─── DATA IN THIS EXERCISE ───

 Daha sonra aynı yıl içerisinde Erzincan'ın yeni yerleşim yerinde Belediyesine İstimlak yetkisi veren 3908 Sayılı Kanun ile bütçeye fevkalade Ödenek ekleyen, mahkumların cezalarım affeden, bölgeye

───
─── DATA IN THIS EXERCISE ───

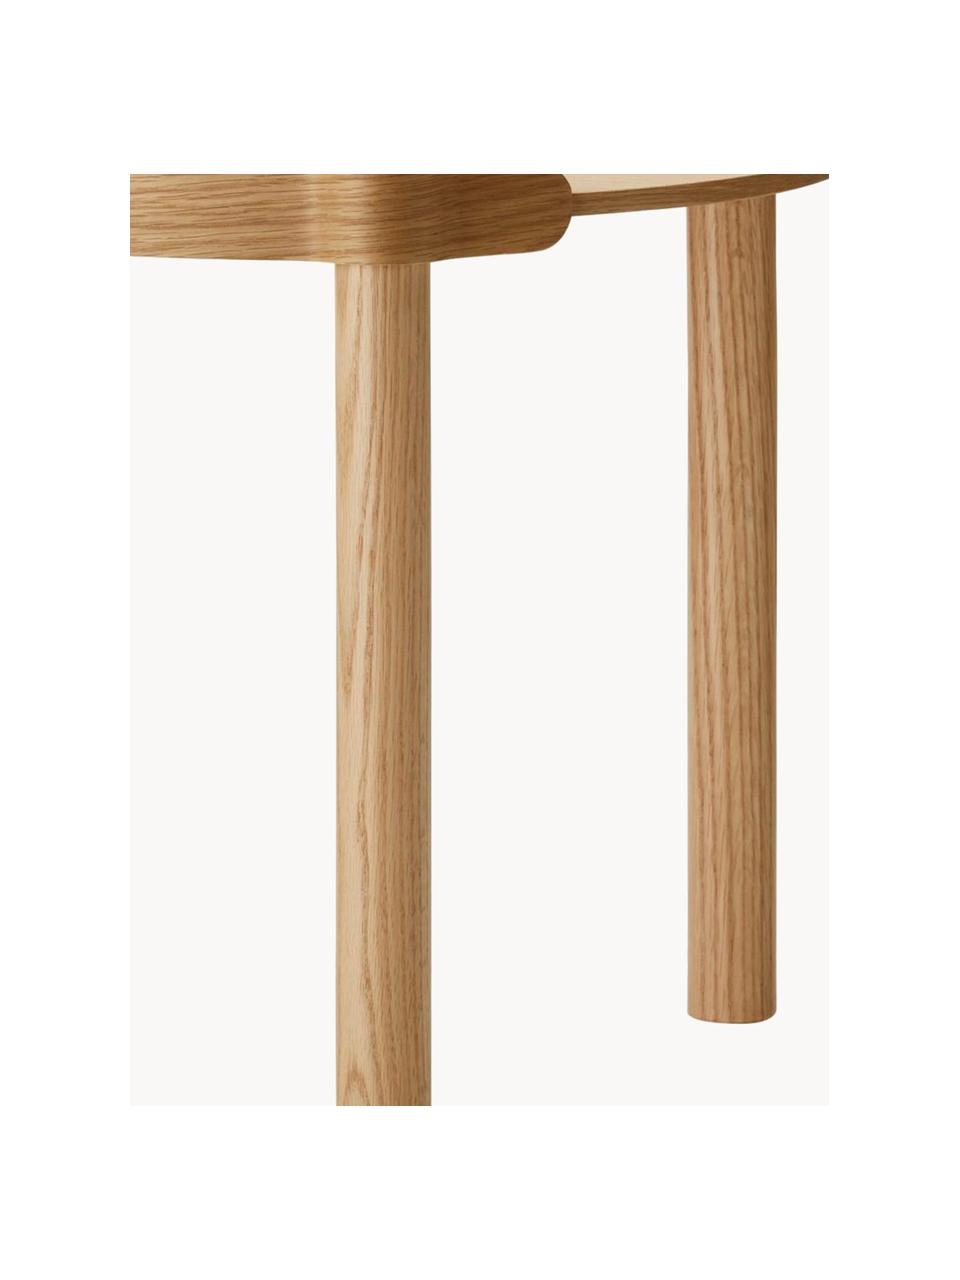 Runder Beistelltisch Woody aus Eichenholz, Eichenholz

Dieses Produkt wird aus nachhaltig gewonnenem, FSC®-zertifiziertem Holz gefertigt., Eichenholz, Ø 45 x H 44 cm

───

WORK REQUEST – Write out word for word the lines above that run from the one with "Runder Beistelltisch Woody" to the one with "Dieses Produkt wird". Include both end lines; exclude the images.

OUTPUT OF THE TASK –
 Runder Beistelltisch Woody aus Eichenholz, Eichenholz

Dieses Produkt wird aus nachhaltig gewonnenem, FSC®-zertifiziertem Holz gefertigt., Eichenholz, Ø 45 x H 44 cm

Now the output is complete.